TRANSPORTATION AND COMMUNICATIONS

Figure 9. Transportation System, 1987

[JPEG]

Nouakchott's Friendship Port built by China
Courtesy Embassy of Mauritania, Washington

The developed transportation network centered on the mining and fishing industries. The country's only railroad, a 650- kilometer-long line, connected the Zouîrât mines with Nouadhibou (see fig. 9). Both the railroad and the ore port were operated by SNIM. The port had the capacity to handle bulk ore carriers of up to 150,000 tons, and the railroad carried some of the world's longest and heaviest trains (see Mining , this ch.). Nouadhibou was the country's only natural deep-water port and, in addition to the ore port, contained a separate commercial and fishing port. The fishing port was upgraded in 1983 under a US$8 million World Bank loan.

In late 1986, the US$150 million Friendship Port at Nouakchott was officially opened. Financed and built by China, the 500,000-ton-per-year deep-water port was an engineering feat, as the Chinese laborers had to contend with strong Atlantic currents and waves up to six meters high. The port was expected to eliminate the need to divert 35 to 40 percent of Nouakchott's traffic through Dakar, Senegal, and to reduce the high percentage of goods lost during transshipment from ships at anchorage. Despite the official opening, by late 1987 the new port was not yet in service because it still lacked certain facilities and equipment.

In the late 1980s, Mauritania's total road network was estimated at 9,000 kilometers. Only 1,500 kilometers of roadway were paved; the roadway consisted mainly of two trunk roads. The remaining roads were little more than tracks on the sand. Road construction had been a high priority for Mauritania's planners in the 1970s. The chief project at that time was the US$300 million, 1,000-kilometer Nouakchott-Néma Road (also called the Trans-Mauritanian Highway), financed largely through loans from Arab members of OPEC. But because the road was constructed through the desert north of the populated agricultural region along the Senegal River, additional major funding was later needed to link the southern towns of Bogué and Kaédi to the capital via this largely unused trunk road. Moreover, projected recurrent costs for maintenance of the Nouakchott-Néma Road were well above the government's foreseeable budgetary means. Mauritania's other major surfaced road connected the capital to Akjoujt and Rosso.

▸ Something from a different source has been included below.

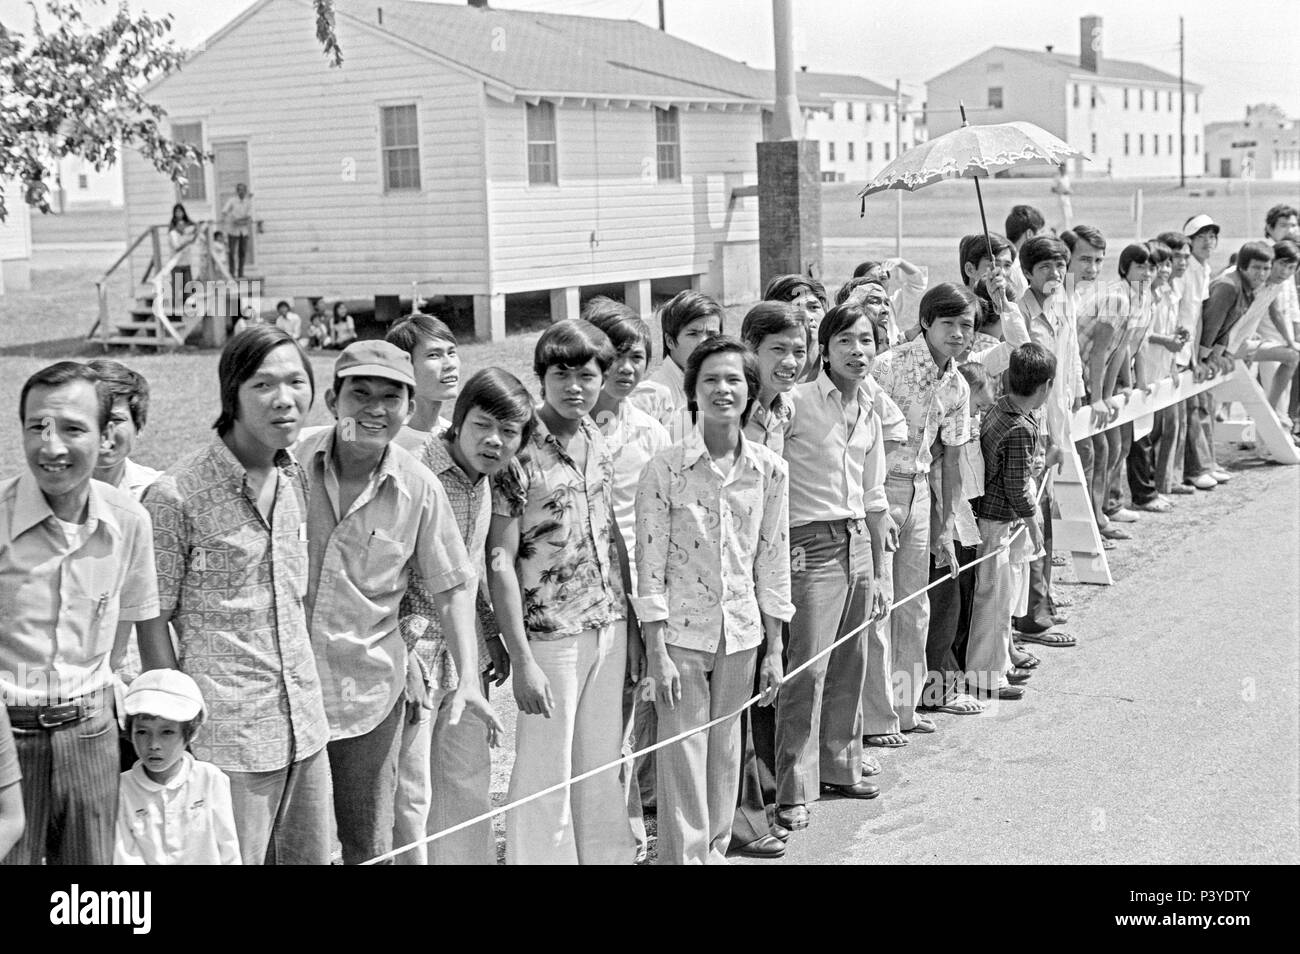 FORT SMITH, AR, USA - 10. AUGUST 1975 - eine Linie der neu angekommenen Vietnamesische Flüchtlinge stehen und für die Weitergabe von Präsident Gerald Ford warten. Der Präsident ist zu touring das Fort Chaffee vietnamesischer Flüchtling Zentrum sein und einladend Die evakuierten Südvietnamesischen in die Vereinigten Staaten. Hinter den Menschen steht die Zeilen der Kasernengebäude, dass die Flüchtlinge untergebracht. Stockfoto

Airports at Nouakchott and Nouadhibou were capable of handling commercial jet aircraft. In 1986 the French were conducting studies to expand the airport at Nouakchott to handle Boeing 747s and comparable aircraft, and the European Development Fund was financing an automatic communications center at the airport. In the mid-1980s, the capital was served by Air Afrique, Iberia, Royal Air Maroc, and Union des Transports Aériens (UTA), including twice-weekly direct flights to Paris and six weekly flights to Dakar, where links were available for direct flights to New York three times a week. Internal flights were available between the capital and Nouadhibou and some thirty smaller airports. The national airline, Air Mauritanie, operated two eighty-seat Fokker F-28 passenger airliners for domestic flights and for flights to Dakar and Las Palmas.

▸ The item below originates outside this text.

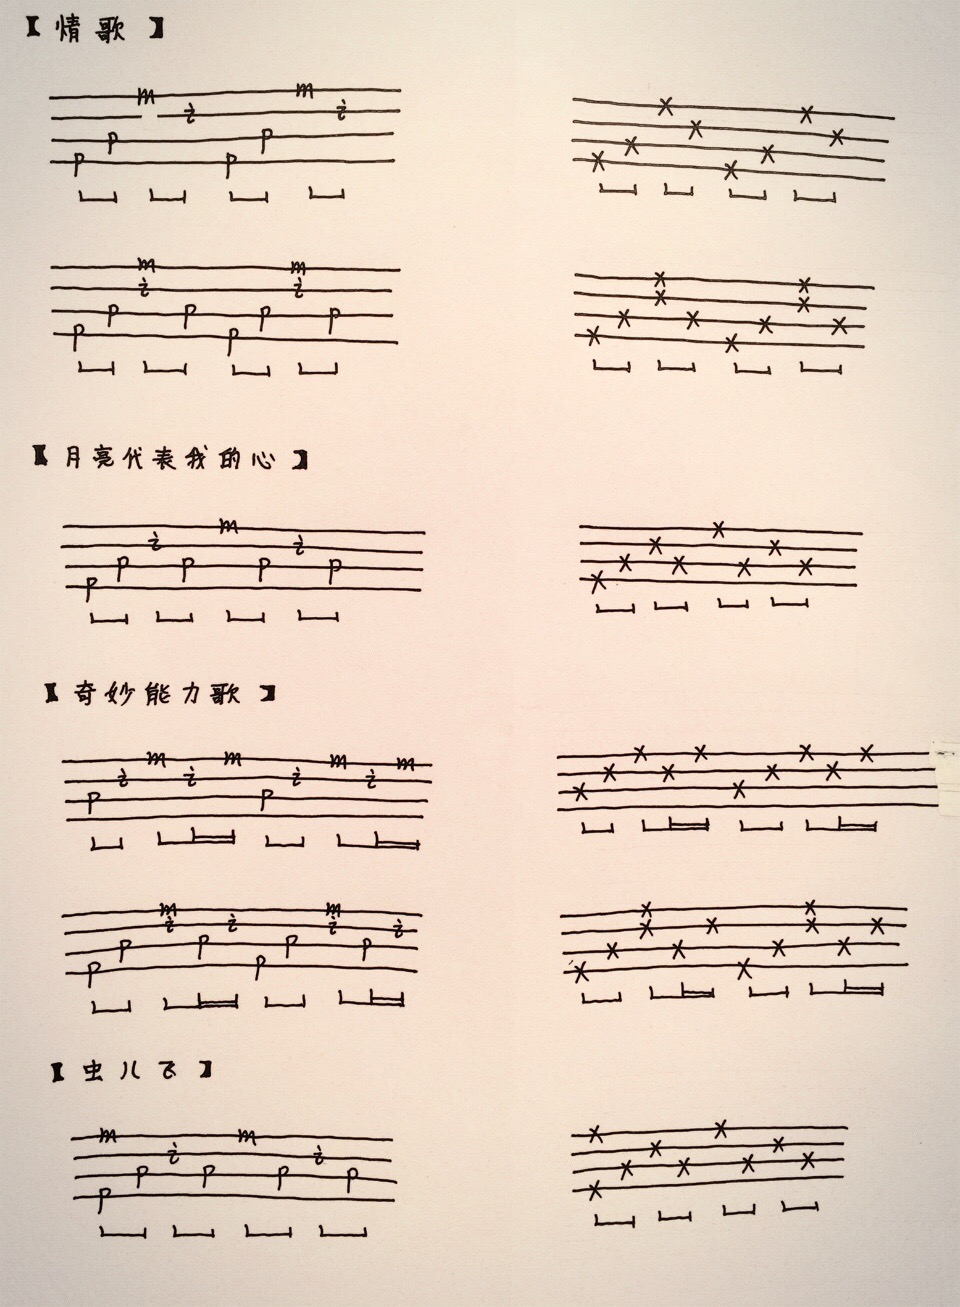 尤克里里常用和旋及节奏型

In 1985 radiotelephone and wireless telegraph services linked Nouakchott to Paris, to most regional capitals, and to other towns in Mauritania. In 1986 the government began operating earth satellite stations in Nouakchott and Nouadhibou. The system linked Mauritania to the International Telecommunications Satellite Organization (INTELSAT) network and the Arab Satellite Telecommunications Organization (ARABSAT) network. It provided ninety telephone or telegraph circuits and a link for television reception and transmission.